Die Gruppe in Bremen/Delmenhorst gedeiht ganz vorzüglich. Unser Programm und unsere Losungen finden erheblichen Widerhall in der Arbeiterjugend. Die Ursache dafür scheint vor allem in dem Umstand zu liegen, daß die antiautoritäre Bewegung – hier in Form einer starken Schülermobilisierung – in einem Umfang zur Politisierung der Arbeiterjugend Bremens und Umgebung beigetragen hat, wie wir sie in den meisten anderen Städten der BRD nicht erleben konnten. Diese Politisierung muss tiefgreifender und umfassender gewesen sein.

Diesem Sachverhalt verdankt auch der KBB (Kommunistischer Bund Bremen), der übrigens von Arbeiterjugendlichen gegründet worden ist, seine aufgeblasene Existenz. Selbst Frucht der eben beschriebenen Entwicklung, versucht der KBB nun, sich zu einer Organisation der gesamten (!) Arbeiterklasse zu mausern. So etwas läuft natürlich nicht ohne Widersprüche und Zuckungen ab. Und hierin liegt eine große Chance für uns. Um nicht in den Geruch eines 'Spalters' der Arbeiterklasse zu kommen, wendet sich der KBB schroff gegen jede 'Bevorzugung' der Arbeiterjugend; aber er wendet sich damit gegen seine eigentliche Basis!

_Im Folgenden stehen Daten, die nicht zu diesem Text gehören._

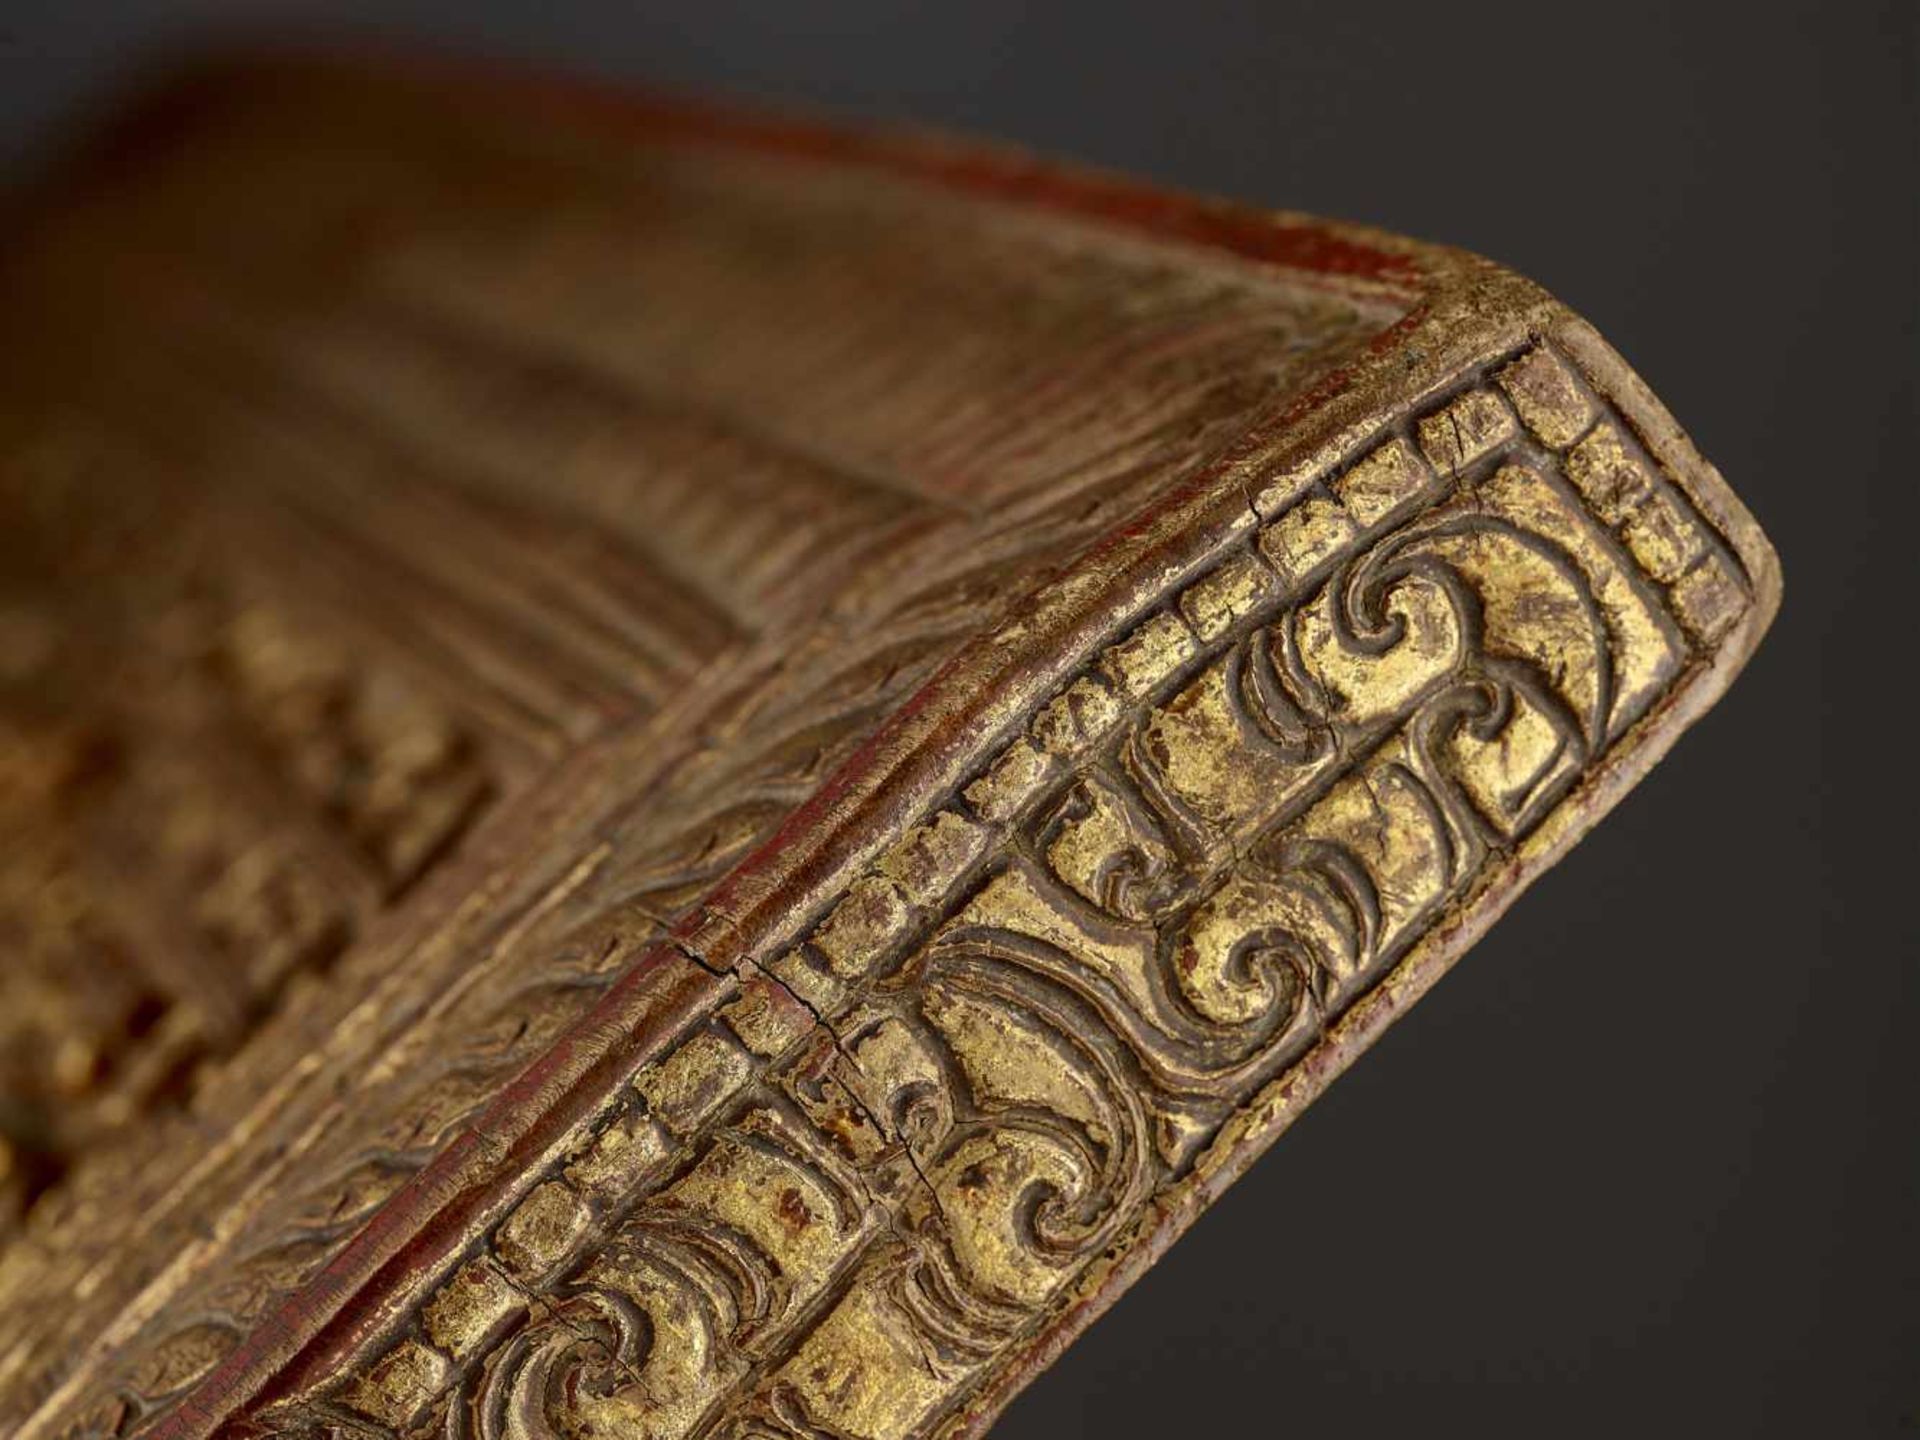 A RARE MANUSCRIPT COVER 17TH CENTURY Tibet, 17th - earlier 18th century. The finely carved and - Image 4 of 5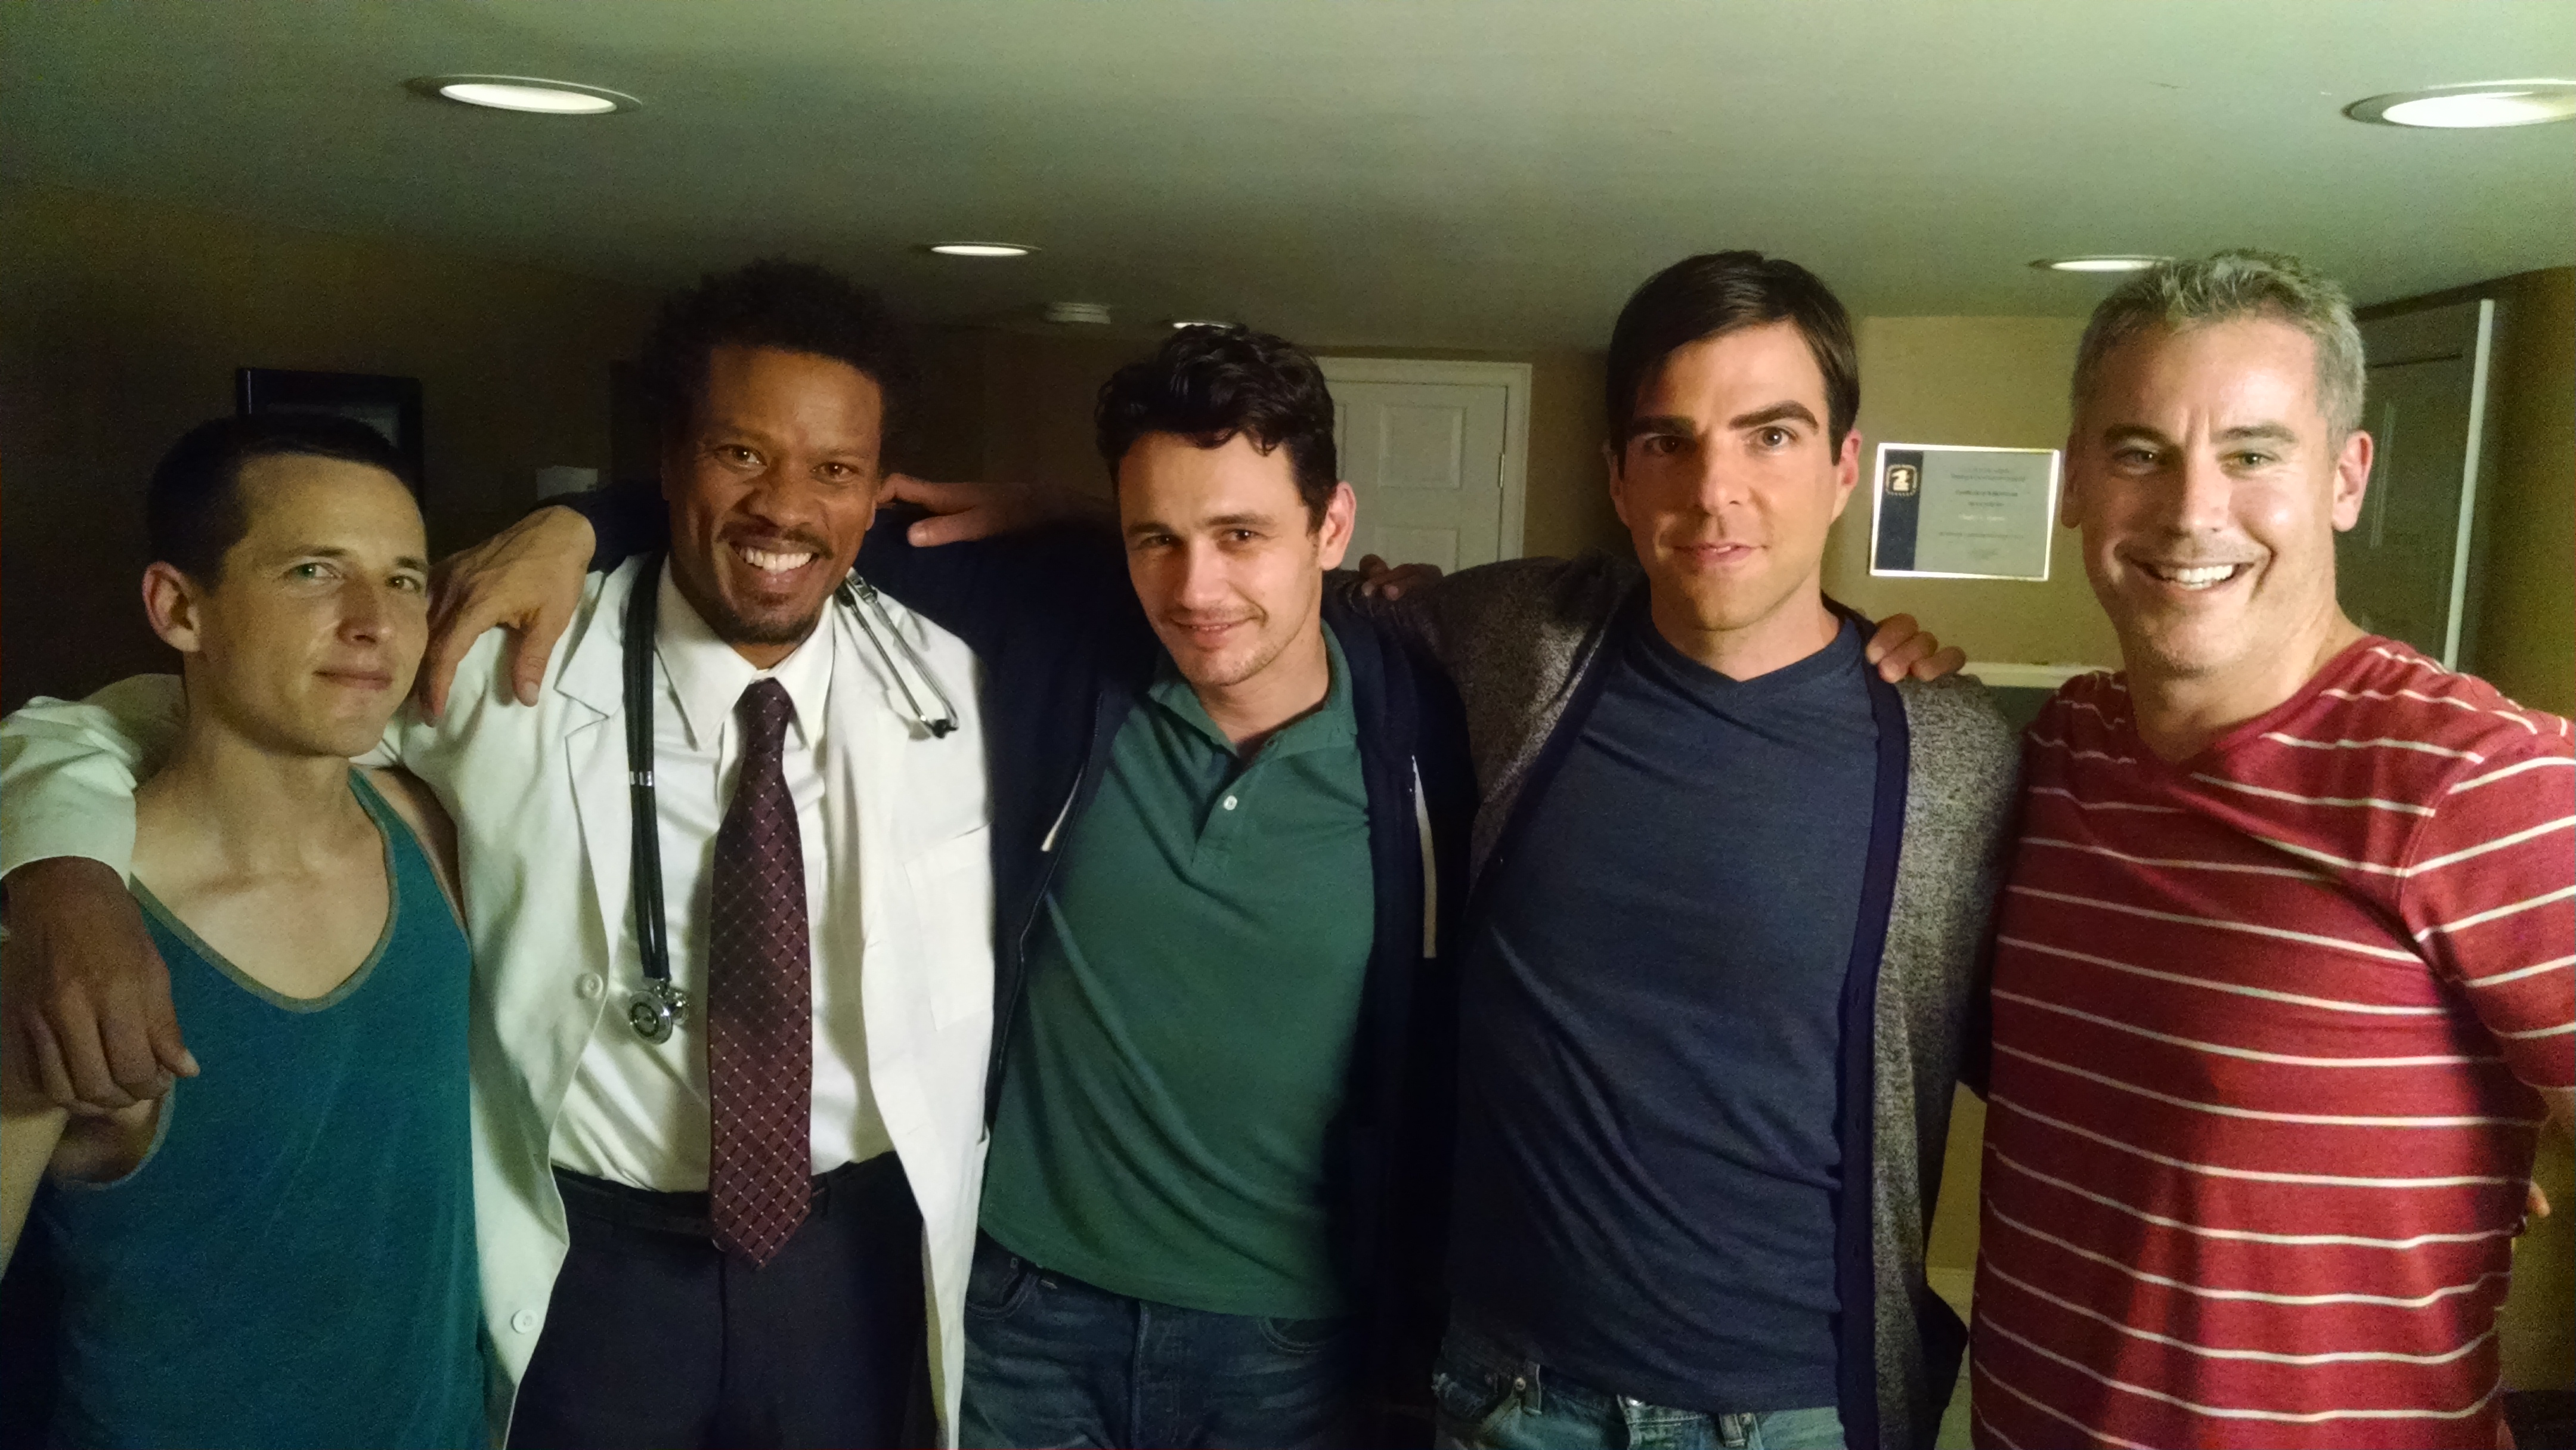 On set of Michael with director Justin Kelly,Raymond, James, Zach and producer Vince Jolivette

Die erste Kostprobe dieser Kinderei werden wir in der Frage des 1.Mai bekommen. Im vergangenen Jahr hatte sich sehr urwüchsig, auf der gewerkschaftlichen Demonstration so etwas wie ein oppositioneller Gewerkschaftsjugendblock herausgebildet. Selbstverständlich hatte vorher niemand solche bösen Absichten im Schilde geführt, aber faktisch hat es sich dann so herausgestellt. In diesem Jahr, in dem wieder eine gewerkschaftliche Demonstration stattfinden soll, haben KBB-Vertreter in den Gewerkschaften im besten Einvernehmen mit den Bonzen erklärt, daß der Platz der Gewerkschaftsjugend in den Reihen der älteren Kollegen sei! – Der Kampf um den opp. Gewerkschaftsjugendblock in Bremen scheint vielversprechend zu werden.

Demonstrationen mit mehreren tausend Lehrlingen, ein Dachverband der Bremer Berufsschüler, der z. Z. noch eine beherrschende Rolle im Bremer Berufsschulleben spielt und der KBB, das ist das Milieu, in dem sich unsere Genossen in Bremen/Delmenhorst ihre ersten Sporen verdienen werden. Wir werden ganz sicherlich einige harte Nüsse in Punkto Taktik zu knacken haben. Aber ich glaube, daß die Thesen zur Reorientierung unsere Zähne stark gemacht haben."